Around this time, British artist Hogarth painted his famous series contrasting the wholesome Beer Street with the depraved Gin Alley. Eventually, excise and taxes ensured that gin moved up the class ladder, while beer became the working man's friend. Gin was the drink of choice among British civil servants in the far-flung Empire, where the addition of quinine-laced tonic water supposedly provided protection against mosquito-borne malaria in the tropics. Meanwhile, the Royal Navy officers quaffed pink gins (gin and Angostura Bitters) as a cure-all against a variety of maladies.


During Prohibition, shipments of English gin (mainly Gordon's and Gilbey's) found their way into the country via Canada and fueled many an illegal knees-up. It was also around this time that the classic dry martini was developed and embraced with gusto by Jazz Agers. Illicitly distilled gin was known as 'bathtub gin' and was inherently inferior to the real thing.


There're three main styles of gin. London dry is the most popular and covers well-known brands like Gordon's, Gilbey's, Tanqueray, Bombay and Beefeater. Most gins are dry, as in unsweet. Plymouth gin is associated with the British Navy and the port of Plymouth, and is a softer dry gin than its London equivalent.
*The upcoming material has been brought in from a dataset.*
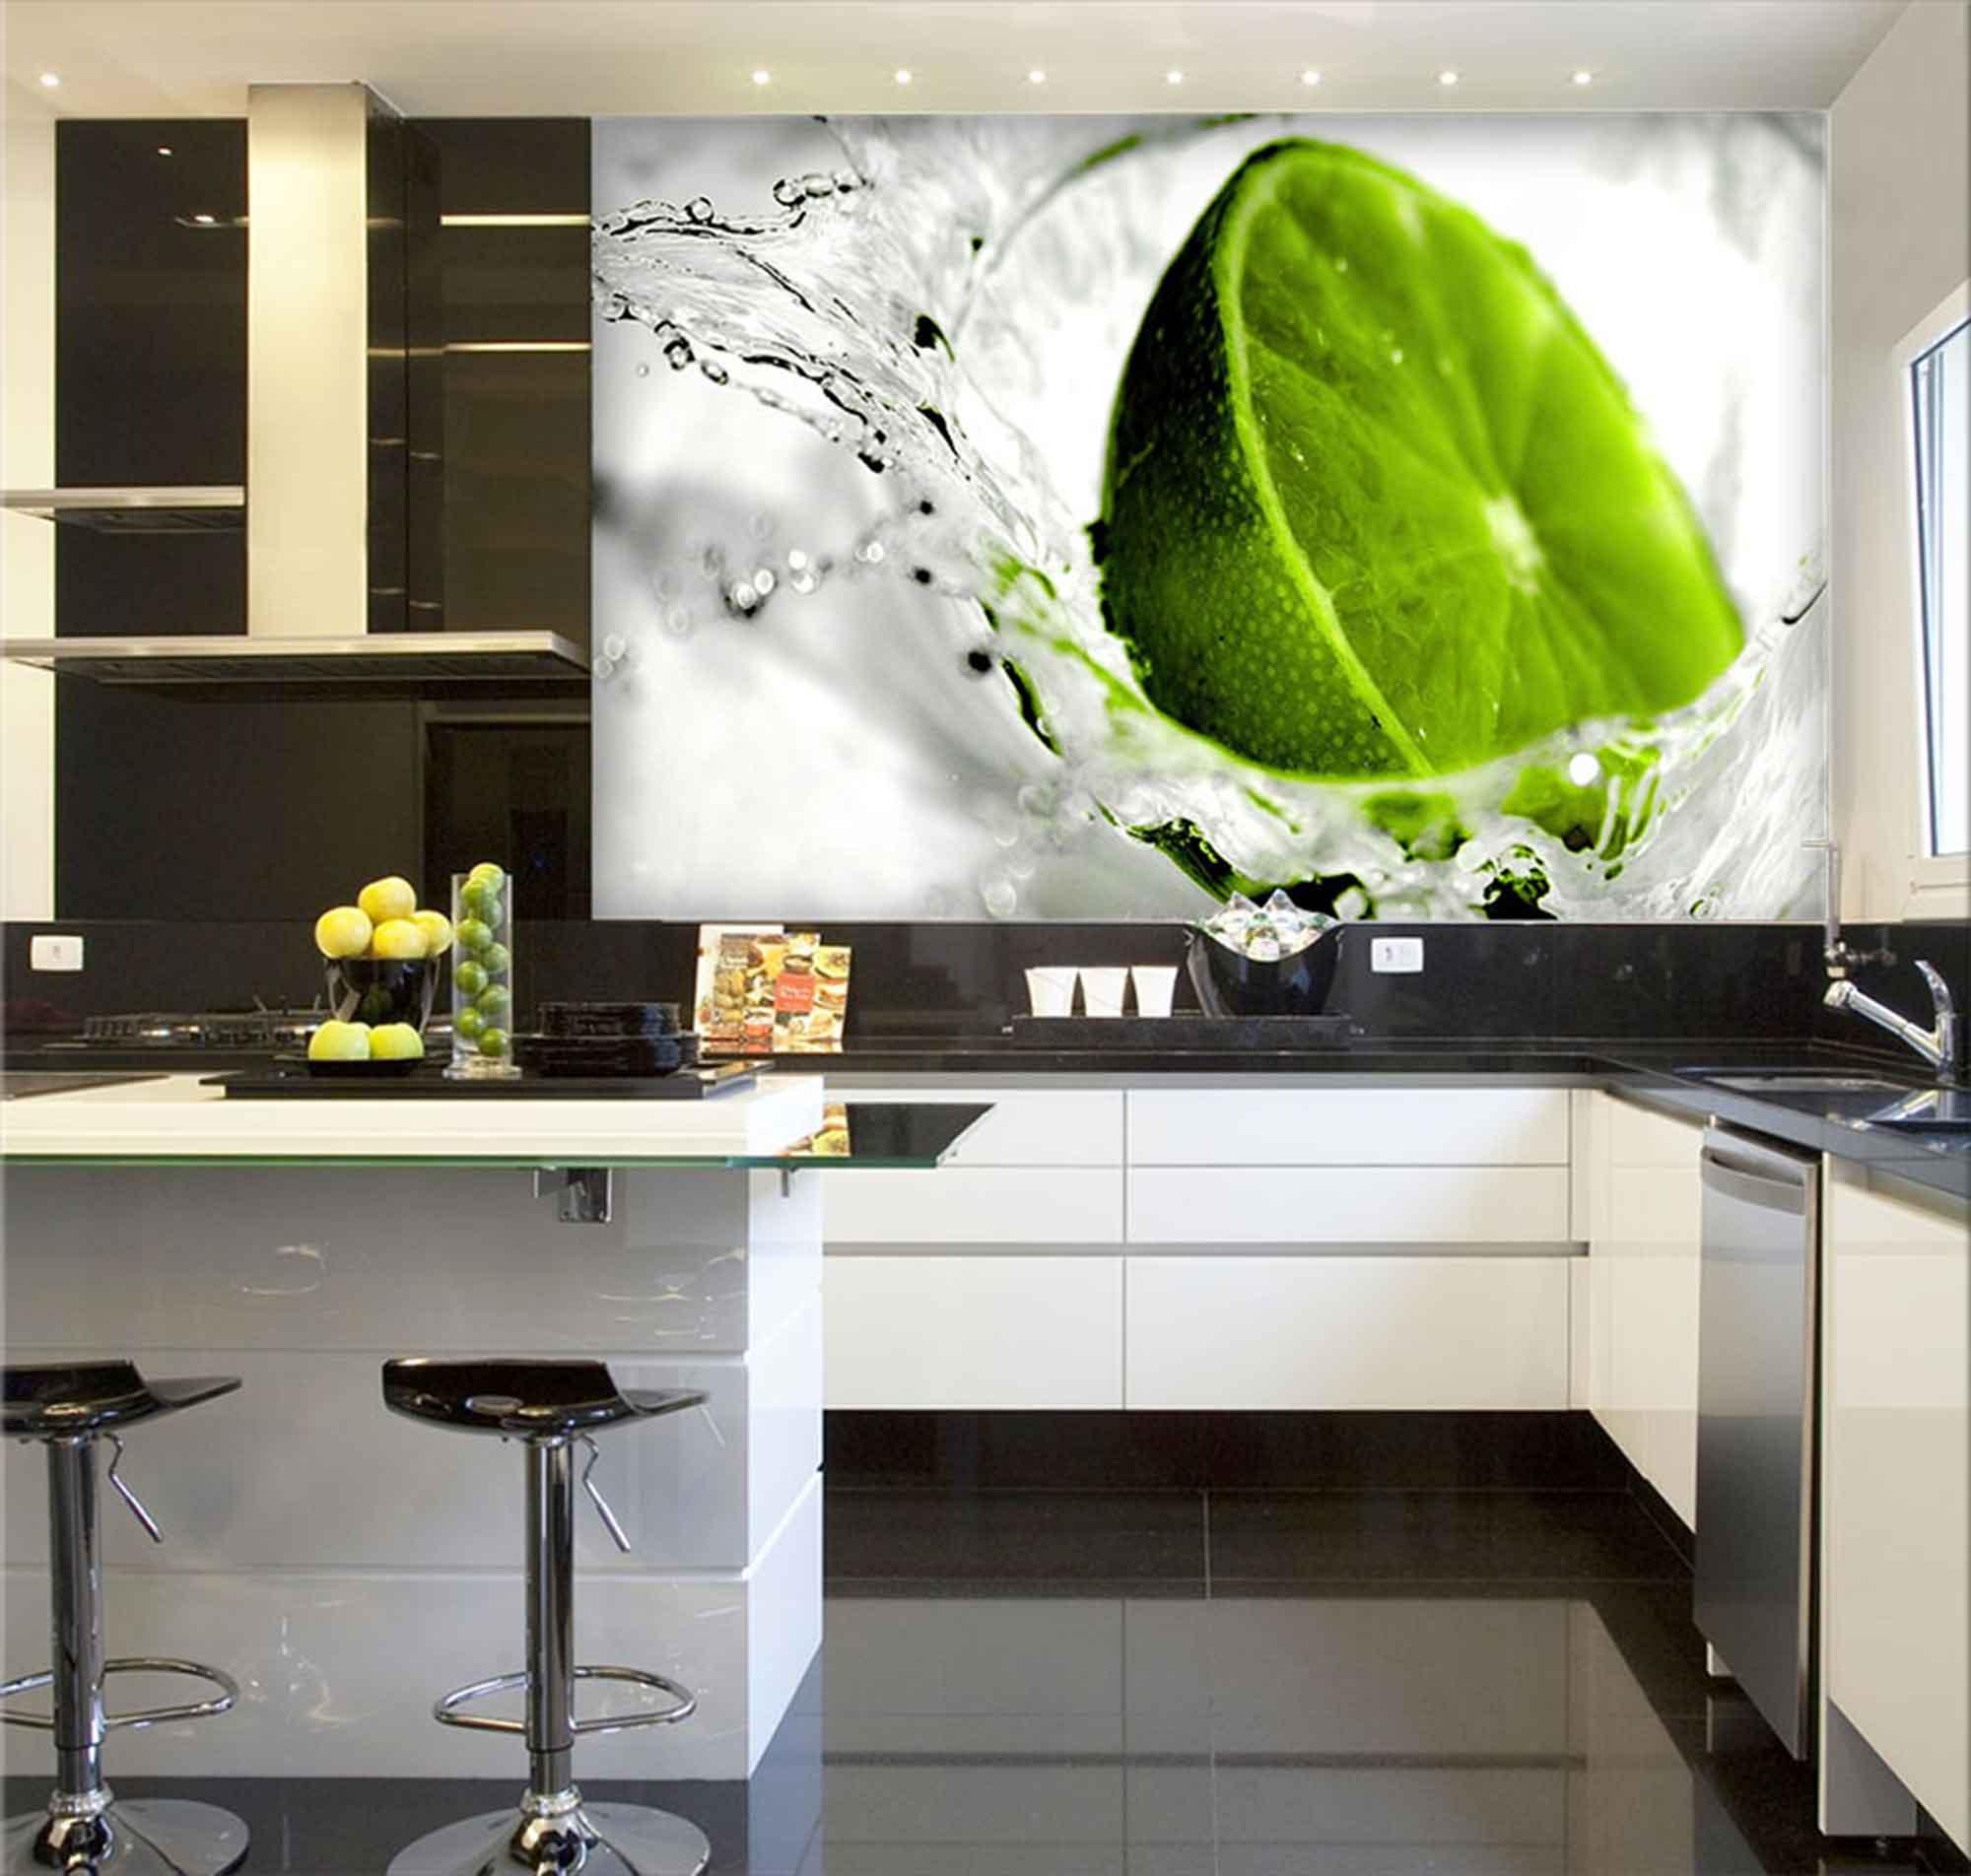 Papel De Parede Para Cozinha 0014 - Sobmedida: m²   - Paredes Decoradas

Genever, or Dutch, gin tends to be fuller in aroma and palate than its English counterpart, and is designed to be drunk mainly straight and chilled. Flavored gins are also popular, the making of which involves steeping various fruit in the gin (though flavor extracts are used in cheaper brands). In England, sloe gin is traditionally produced when red sloe berries, which grow on blackthorn bushes, are in season. In Belgium, I've visited jenever bars where owners stock upwards of 50 different flavored jenevers in an open chiller. These are not bars to loiter in or pass the time of day; rather, you order your favorite shot of jenever, pay for it, neck it and get on your way.
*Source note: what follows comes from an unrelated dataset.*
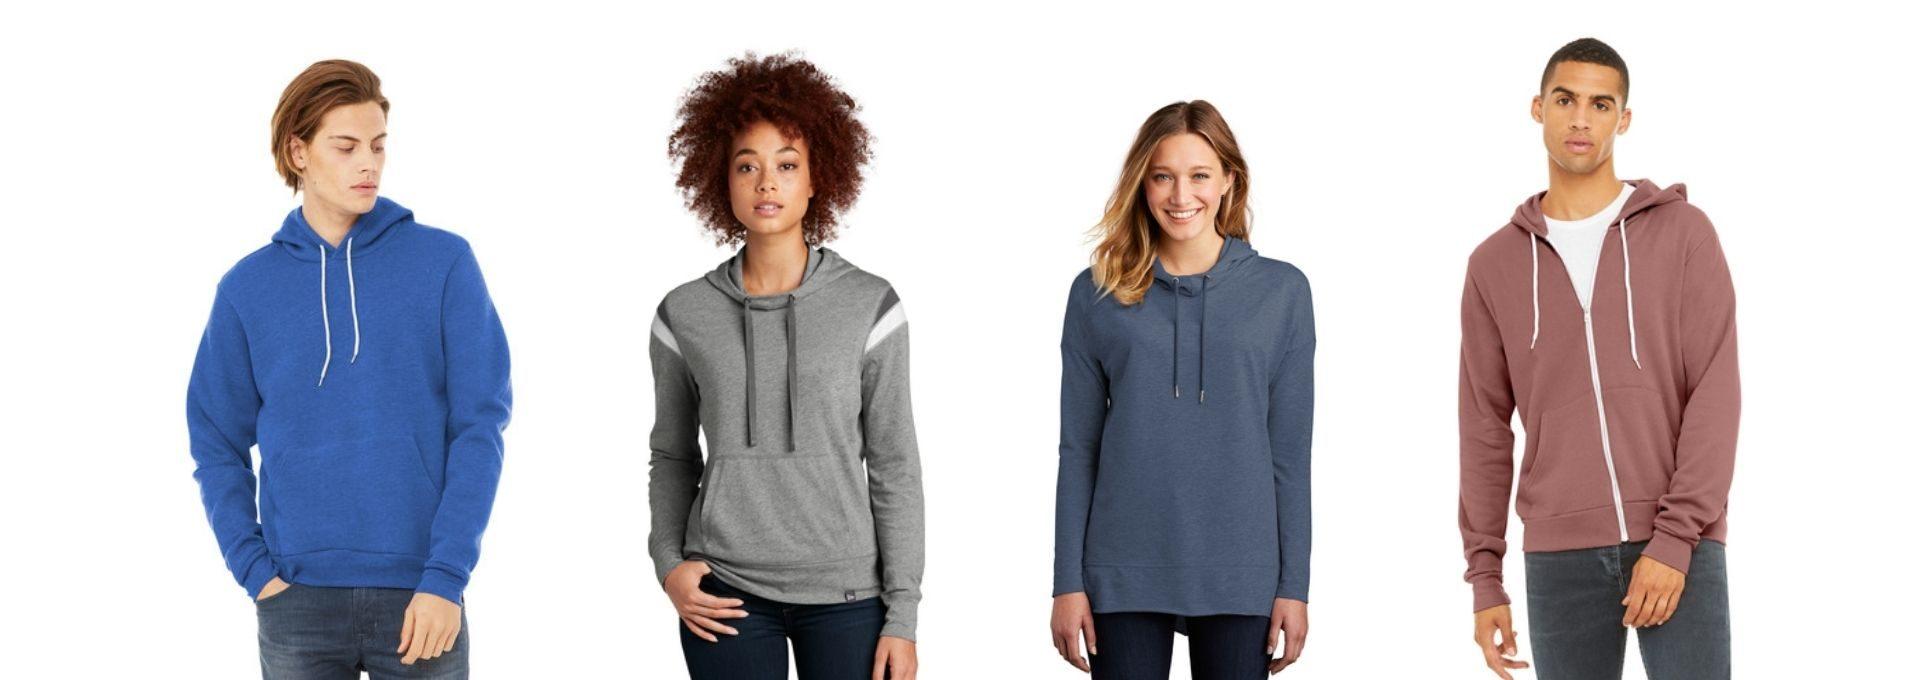 custom printed hoodies and sweatshirts seattle

Like vodka, gin can be made from all sorts of grains, but English gin is predominantly distilled from corn. The cooked mash is fermented and later distilled in a continuous still to produce a clear, neutral spirit. Various botanicals are added for flavoring, and the spirit is distilled a second time.


Most gins are flavored with juniper berries, coriander, and one or two other botanicals that add different characters. Bombay Sapphire, on the other hand, is made with 10 different herbs and spices (added in secret proportions), which include juniper berries from Tuscany, Moroccan coriander, angelica, lemon peel, cassia bark, cubeb berries, orris root, licorice, almonds and grains of paradise from West Africa. The result is an in-yer-face bouquet and a palate as complex as any Russian novel. Bombay Sapphire may not be to everyone's taste, but real gin freaks keep a bottle in their freezer and drink it straight in a shot glass. Other gin snobs swear by the more refined palate of Beefeater or Gordon's. And the best ingredients for the perfect dry martini is a topic for endless discussion.